**Aim of the exercise**
Exactly the lines from the beginning of the material to the line with "A grandson talks" are to be repeated, both ends included.
**** Supplied records
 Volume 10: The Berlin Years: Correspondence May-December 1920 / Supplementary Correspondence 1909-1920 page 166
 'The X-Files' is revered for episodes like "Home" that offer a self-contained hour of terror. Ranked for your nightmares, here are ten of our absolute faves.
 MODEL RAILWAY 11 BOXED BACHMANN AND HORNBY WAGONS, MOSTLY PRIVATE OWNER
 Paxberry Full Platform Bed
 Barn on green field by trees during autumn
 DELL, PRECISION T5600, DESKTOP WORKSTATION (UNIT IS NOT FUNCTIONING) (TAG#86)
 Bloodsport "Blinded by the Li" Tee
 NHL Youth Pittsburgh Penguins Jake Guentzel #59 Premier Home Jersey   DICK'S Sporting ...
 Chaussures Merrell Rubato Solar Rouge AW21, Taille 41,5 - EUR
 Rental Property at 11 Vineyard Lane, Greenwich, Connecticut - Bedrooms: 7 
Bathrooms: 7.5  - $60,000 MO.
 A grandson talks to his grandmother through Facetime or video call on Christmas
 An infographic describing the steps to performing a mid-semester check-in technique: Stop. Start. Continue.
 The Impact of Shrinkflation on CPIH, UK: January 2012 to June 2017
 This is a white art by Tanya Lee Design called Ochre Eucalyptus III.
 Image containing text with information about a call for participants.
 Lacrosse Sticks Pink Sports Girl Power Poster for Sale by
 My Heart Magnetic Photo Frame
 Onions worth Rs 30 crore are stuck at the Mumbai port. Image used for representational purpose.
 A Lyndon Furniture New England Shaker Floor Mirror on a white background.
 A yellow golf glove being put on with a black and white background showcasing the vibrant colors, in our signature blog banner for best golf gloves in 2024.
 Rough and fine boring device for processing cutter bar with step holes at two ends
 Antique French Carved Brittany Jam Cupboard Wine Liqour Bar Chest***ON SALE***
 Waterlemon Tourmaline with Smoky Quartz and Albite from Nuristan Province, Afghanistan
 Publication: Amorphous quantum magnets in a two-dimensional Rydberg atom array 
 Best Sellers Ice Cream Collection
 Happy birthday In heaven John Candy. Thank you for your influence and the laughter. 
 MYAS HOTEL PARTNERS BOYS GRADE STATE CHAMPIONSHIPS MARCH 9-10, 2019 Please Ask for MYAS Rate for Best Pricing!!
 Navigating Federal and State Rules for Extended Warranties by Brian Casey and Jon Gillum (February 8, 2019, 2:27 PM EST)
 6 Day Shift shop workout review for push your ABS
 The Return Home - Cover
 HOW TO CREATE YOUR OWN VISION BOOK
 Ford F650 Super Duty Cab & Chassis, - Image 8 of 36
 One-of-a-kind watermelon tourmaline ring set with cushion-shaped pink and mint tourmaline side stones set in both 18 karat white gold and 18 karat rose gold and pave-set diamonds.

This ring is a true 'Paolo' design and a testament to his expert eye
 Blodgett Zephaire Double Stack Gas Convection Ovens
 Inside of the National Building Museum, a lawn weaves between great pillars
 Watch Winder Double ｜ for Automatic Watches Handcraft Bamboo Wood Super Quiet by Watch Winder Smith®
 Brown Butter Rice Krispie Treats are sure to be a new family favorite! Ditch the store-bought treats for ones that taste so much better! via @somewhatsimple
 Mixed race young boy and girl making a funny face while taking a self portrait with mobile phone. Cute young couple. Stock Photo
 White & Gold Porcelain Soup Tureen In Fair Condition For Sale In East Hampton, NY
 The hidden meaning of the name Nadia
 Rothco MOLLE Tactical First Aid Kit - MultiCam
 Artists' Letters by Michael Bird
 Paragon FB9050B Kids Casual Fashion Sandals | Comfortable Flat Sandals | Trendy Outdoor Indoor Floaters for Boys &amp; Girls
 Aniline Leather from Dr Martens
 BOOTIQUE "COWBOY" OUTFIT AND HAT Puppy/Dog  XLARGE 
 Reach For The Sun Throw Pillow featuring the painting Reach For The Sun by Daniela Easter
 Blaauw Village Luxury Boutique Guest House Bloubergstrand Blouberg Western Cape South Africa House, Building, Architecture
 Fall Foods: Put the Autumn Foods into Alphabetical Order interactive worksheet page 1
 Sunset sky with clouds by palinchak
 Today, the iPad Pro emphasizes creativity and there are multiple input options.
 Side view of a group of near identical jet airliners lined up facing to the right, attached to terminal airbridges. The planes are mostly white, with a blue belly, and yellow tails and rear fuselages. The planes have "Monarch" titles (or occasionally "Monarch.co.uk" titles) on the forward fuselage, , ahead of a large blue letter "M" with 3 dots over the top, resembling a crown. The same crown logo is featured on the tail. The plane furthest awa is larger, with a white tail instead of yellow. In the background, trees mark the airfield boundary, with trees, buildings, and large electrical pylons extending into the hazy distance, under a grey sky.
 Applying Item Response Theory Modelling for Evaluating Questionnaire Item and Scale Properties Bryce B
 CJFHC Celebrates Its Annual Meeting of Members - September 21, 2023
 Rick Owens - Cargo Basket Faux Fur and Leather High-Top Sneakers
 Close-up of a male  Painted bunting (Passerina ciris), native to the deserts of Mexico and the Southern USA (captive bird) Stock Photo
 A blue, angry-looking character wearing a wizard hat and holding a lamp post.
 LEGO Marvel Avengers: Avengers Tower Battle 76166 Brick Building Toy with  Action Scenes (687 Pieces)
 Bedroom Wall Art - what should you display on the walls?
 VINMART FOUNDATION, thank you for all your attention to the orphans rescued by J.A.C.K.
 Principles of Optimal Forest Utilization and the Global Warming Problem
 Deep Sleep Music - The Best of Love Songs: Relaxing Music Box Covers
********
**Problem solution**
 Volume 10: The Berlin Years: Correspondence May-December 1920 / Supplementary Correspondence 1909-1920 page 166
 'The X-Files' is revered for episodes like "Home" that offer a self-contained hour of terror. Ranked for your nightmares, here are ten of our absolute faves.
 MODEL RAILWAY 11 BOXED BACHMANN AND HORNBY WAGONS, MOSTLY PRIVATE OWNER
 Paxberry Full Platform Bed
 Barn on green field by trees during autumn
 DELL, PRECISION T5600, DESKTOP WORKSTATION (UNIT IS NOT FUNCTIONING) (TAG#86)
 Bloodsport "Blinded by the Li" Tee
 NHL Youth Pittsburgh Penguins Jake Guentzel #59 Premier Home Jersey   DICK'S Sporting ...
 Chaussures Merrell Rubato Solar Rouge AW21, Taille 41,5 - EUR
 Rental Property at 11 Vineyard Lane, Greenwich, Connecticut - Bedrooms: 7 
Bathrooms: 7.5  - $60,000 MO.
 A grandson talks to his grandmother through Facetime or video call on Christmas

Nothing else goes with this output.